Informations pour la commande
| Nom du produit | Ref. Catalogue | COND. | Prix HT | QTÉ | Favoris | |
Plasmide Double Nickase (h) CRBN | sc-412142-NIC | 20 µg | $410.00 | |||
Plasmide Double Nickase (h2) CRBN | sc-412142-NIC-2 | 20 µg | $410.00 |
CRBN (cereblon) code un récepteur de substrat du complexe ligase E3 d’ubiquitine CRL4^CRBN, qui relie CUL4A/DDB1 à des protéines cibles spécifiques afin de permettre leur ubiquitination et leur dégradation par le protéasome. En régulant l’homéostasie protéique, CRBN influence la progression du cycle cellulaire, les programmes de différenciation et les voies de signalisation répondant au stress. CRBN est également connu pour son rôle dans le recrutement de substrats dépendant de petites molécules, reliant la dégradation médiée par l’ubiquitine à une biologie pertinente pour la pharmacologie. Des altérations de l’expression ou de la fonction de CRBN ont été associées à des phénotypes neurodéveloppementaux ainsi qu’à des modifications de la sensibilité cellulaire aux perturbations de la protéostase, ce qui étaye sa pertinence dans des modèles mécanistiques de maladies.
CRBN Le plasmide double nickase (h) se compose d'une paire de plasmides appariés, conçus pour une édition hautement spécifique du locus CRBN dans les lignées cellulaires human. Chaque plasmide exprime une nickase Cas9 D10A et un sgRNA distinct ciblant des brins d'ADN opposés au sein de CRBN. Lorsqu'elles sont dirigées vers des sites adjacents sur des brins d'ADN opposés, les deux nickases génèrent des cassures simple brin décalées qui, ensemble, produisent une cassure double brin décalée, nécessitant une activité coordonnée sur la cible de la part des deux guides. La cassure d'ADN qui en résulte est résolue par les voies de réparation cellulaires endogènes, le plus souvent par jonction non homologue (NHEJ), ce qui conduit à des insertions ou des délétions qui perturbent la fonction de CRBN. En nécessitant l'engagement de deux ARNsg au locus cible, l'approche par double nick améliore la spécificité de l'édition et offre une stratégie CRISPR complémentaire pour les applications où un contrôle supplémentaire de la précision du ciblage est souhaité.

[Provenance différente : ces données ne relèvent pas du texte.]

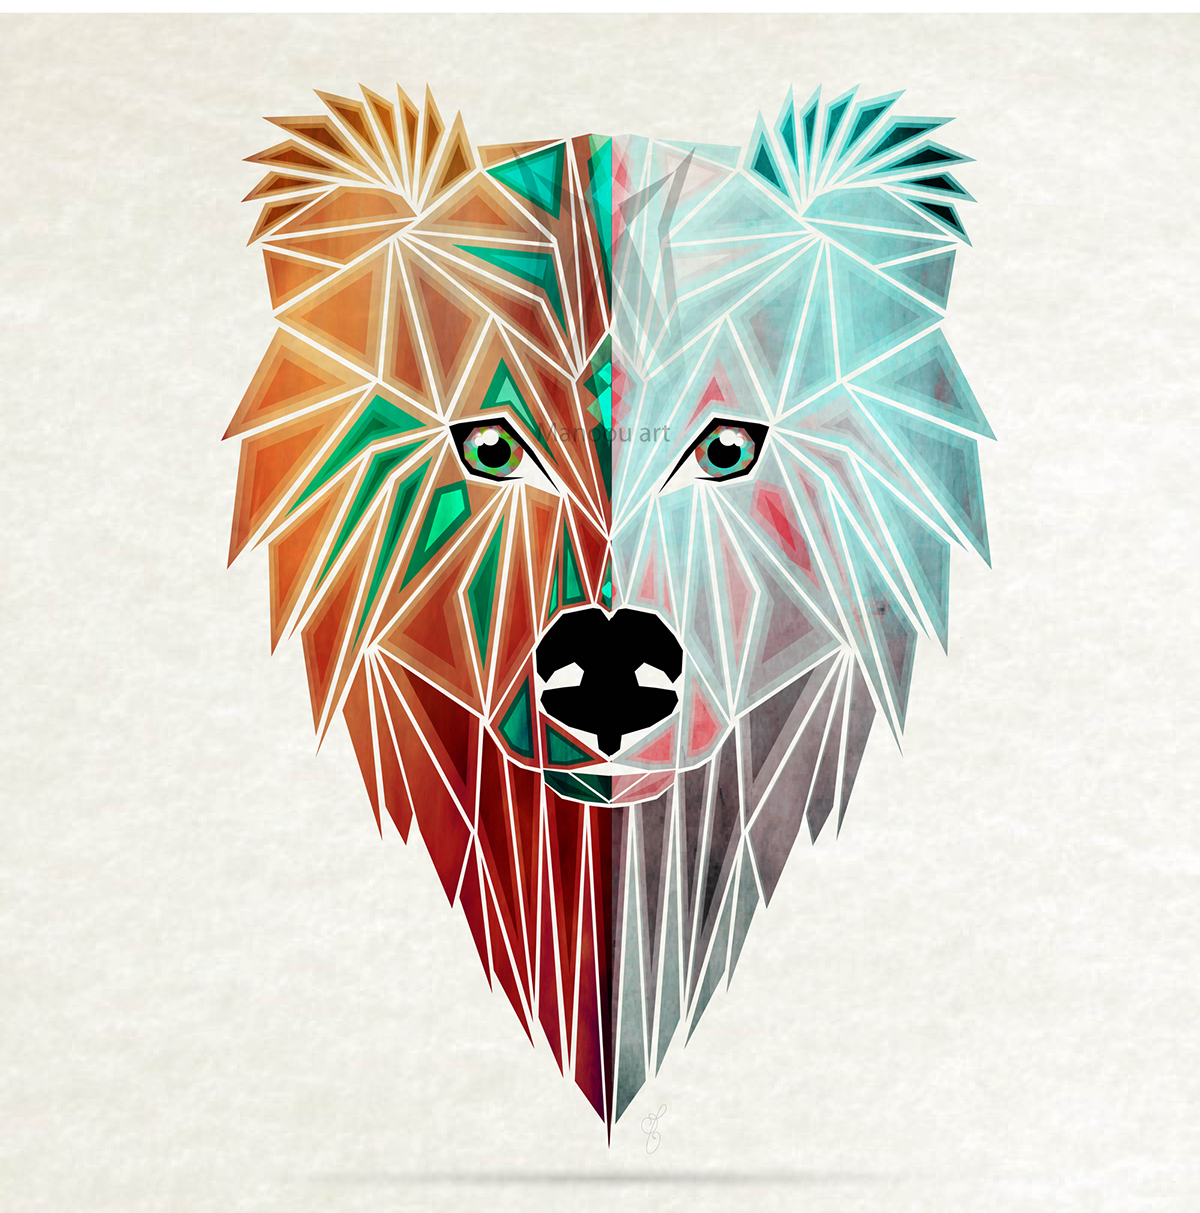 bear Polarbear animal géométrique geometric shape abstract triangle wild savage season ours face
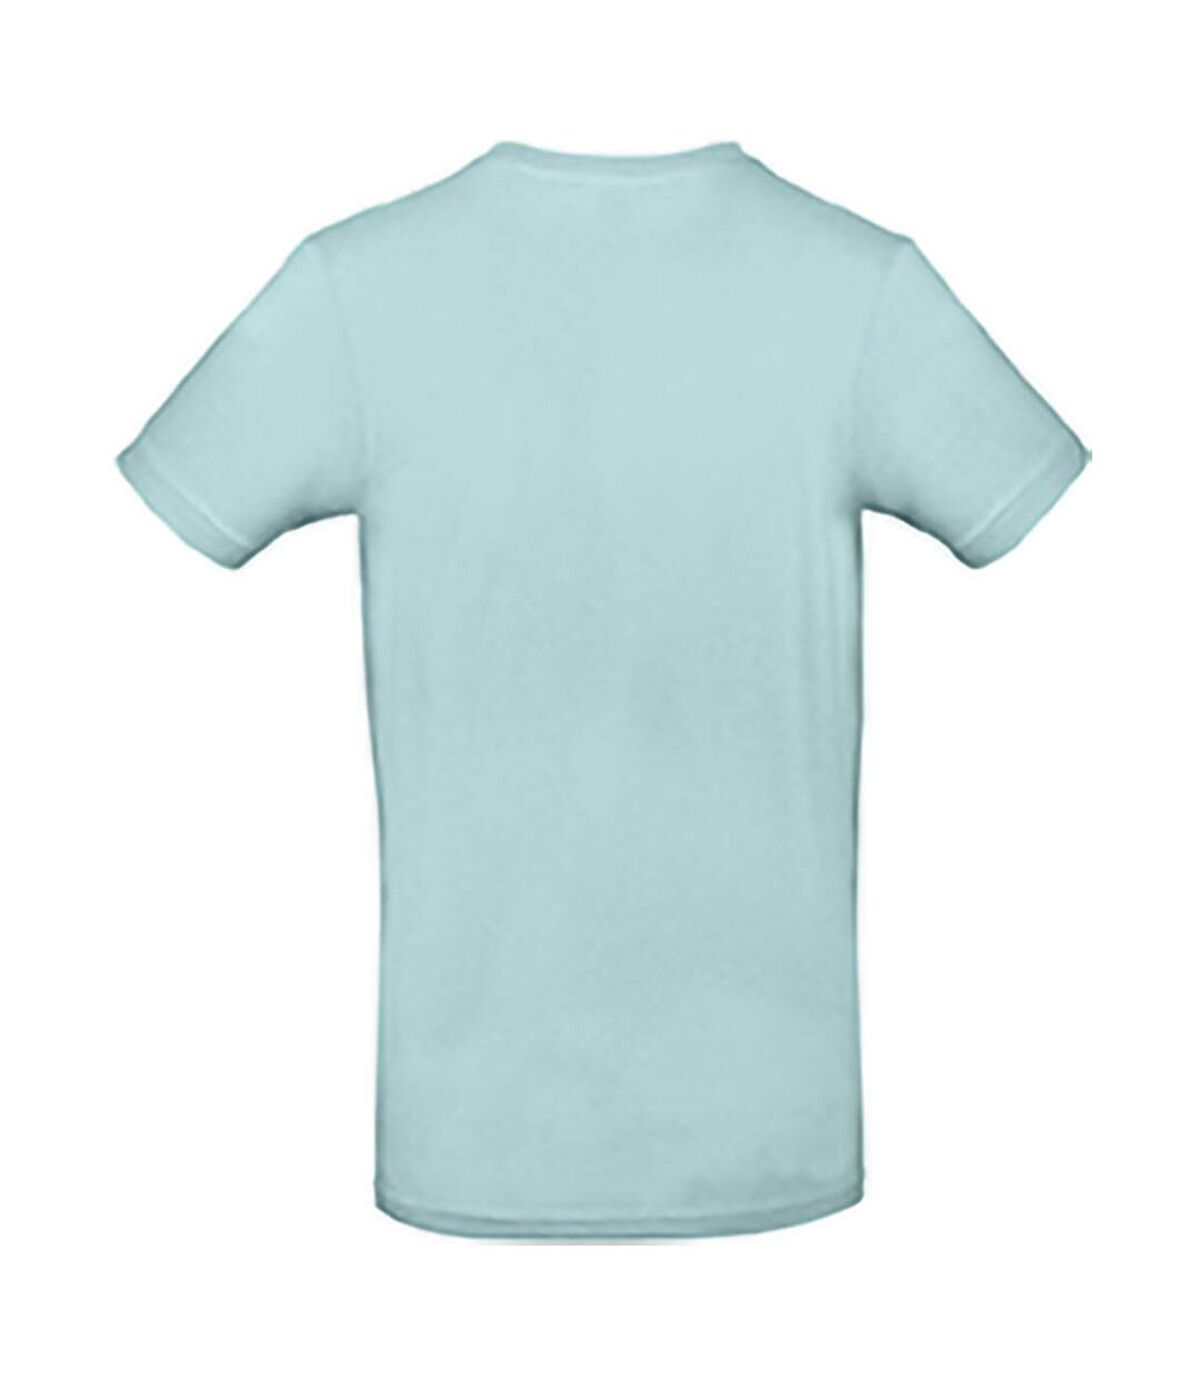 B&C - T-shirt manches courtes - Homme (Bleu clair) - UTBC3911

Afin de faciliter l'identification efficace des cellules éditées, un plasmide code pour la GFP permettant la visualisation par fluorescence des populations transfectées, tandis que le plasmide compagnon porte un gène de résistance à la puromycine pour la sélection antibiotique. Ensemble, ces caractéristiques favorisent l'enrichissement efficace des populations co-transfectées et simplifient la validation des clones présentant une perturbation de CRBN.
Réservé à la recherche. N'est pas destiné à un usage diagnostique ou thérapeutique.